We isolated deletion alleles of flp-10 and flp-17 (Fig. 5a). The n4543 deletion removes the translational start site of flp-10 and most of the coding sequence, including sequences encoding the active peptide. The n4894 mutation removes the translational start site of flp-17 and is likely to eliminate the production of both FaRPs encoded by flp-17.

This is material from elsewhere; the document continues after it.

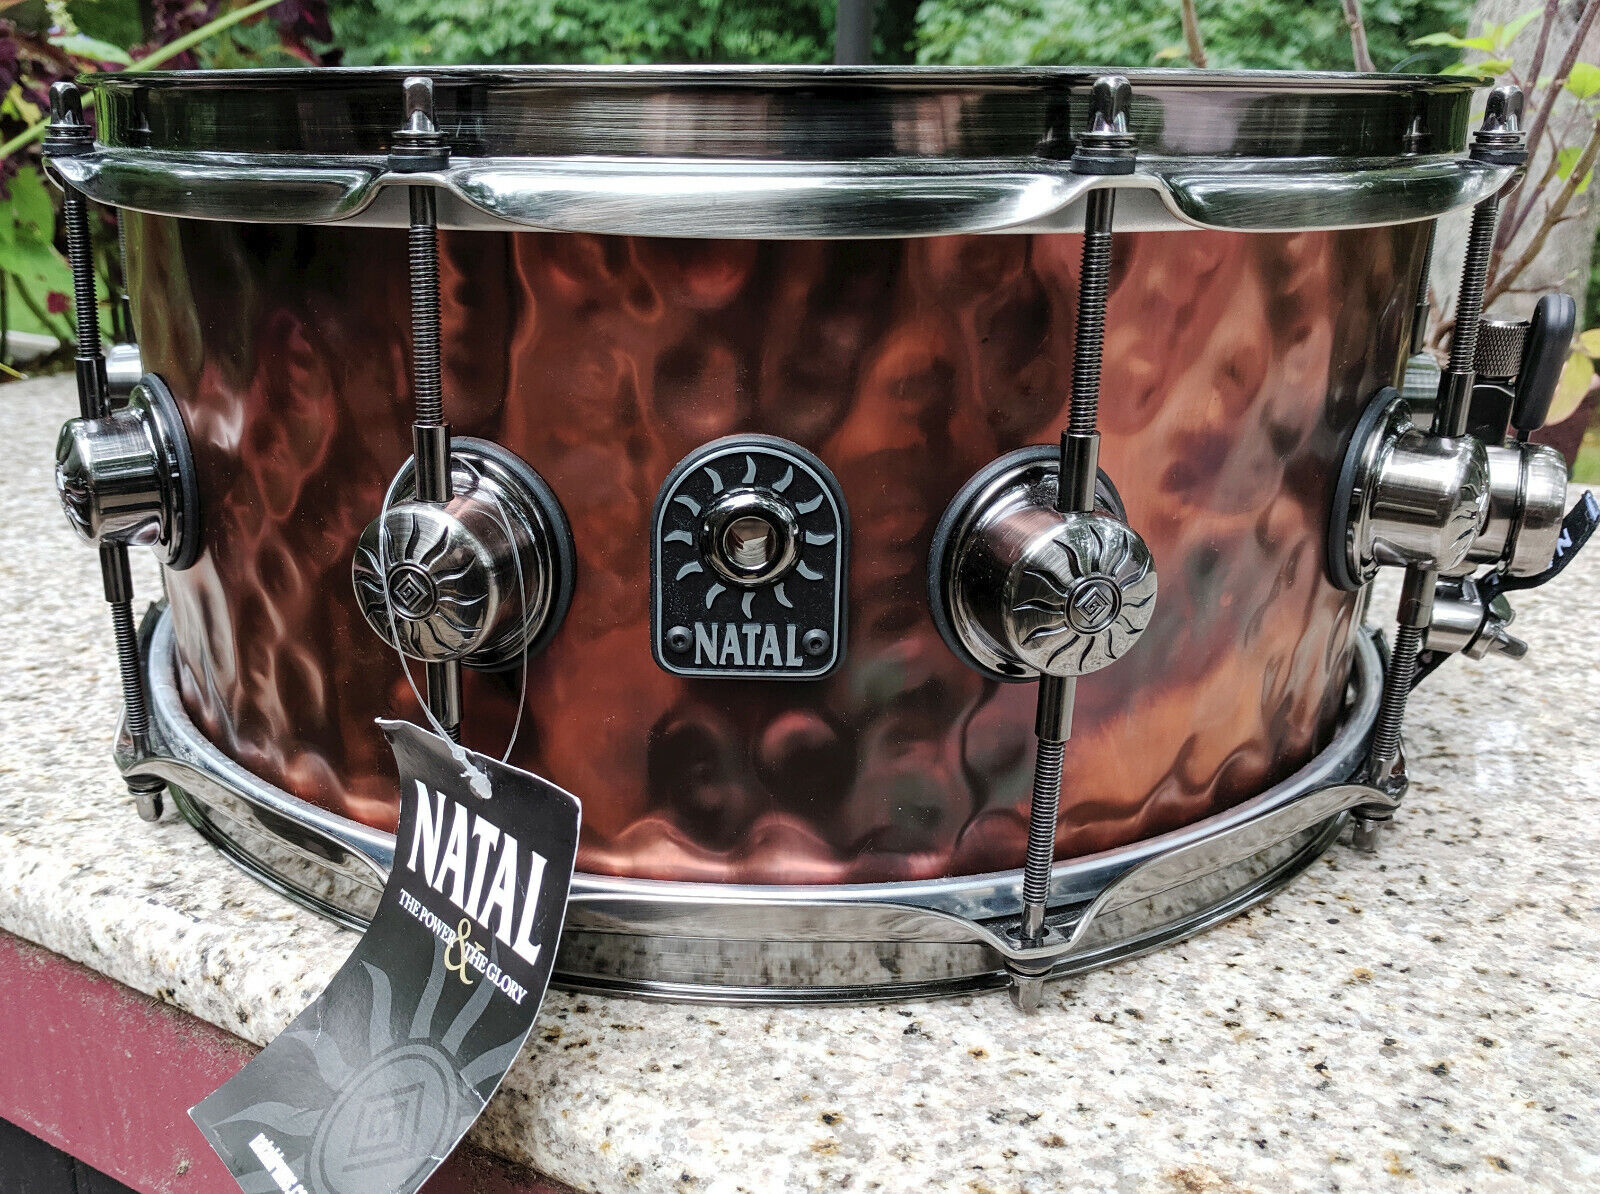 NOS Natal Hand-hammerot 14x6.5  Steel Snare Old Bronze Finish Brushed Nickel HW

Deletion of flp-10 and flp-17 did not grossly affect egg-laying behavior, either individually or in combination (Fig. 5b). Deletion of flp-10, however, suppressed the egg-laying defect caused by the n592gf mutation of egl-6, and this suppression was enhanced by deletion of flp-17 (Fig. 5c). These data show that the activity of both the wild-type receptor and the mutant receptor encoded by egl-6(n592gf) is regulated by flp-10 and flp-17 peptides in vivo.
To identify the sources of flp-10 and flp-17 peptides, we generated flp-10gfp and flp-17gfp reporters and detected their expression using antibody to GFP (Fig. 6). We observed consistent flp-10gfp expression in ASIL, ASIR, DVB, PVCL, PVCR and PVR neurons and in vulval tissue, uterine cells, spermathecae and the head mesodermal cell (Fig. 6a). We also observed faint and inconsistent staining of a small number of unidentified neurons. The pattern of flp-10gfp expression we observed was similar but not identical to a flp-10 expression pattern previously observed using a transcriptional reporter28. Specifically, we did not observe flp-10 expression in the BAG neurons, and the previous study did not note flp-10 expression in the uterus, spermathecae or head mesodermal cell28. We observed expression of flp-17gfp expression primarily in a pair of anterior sensory neurons, BAGL and BAGR (Fig. 6b). The flp-17gfp expression we observed was similar to that previously reported28. We also observed faint but consistent expression of flp-17gfp in three pairs of unidentified head neurons.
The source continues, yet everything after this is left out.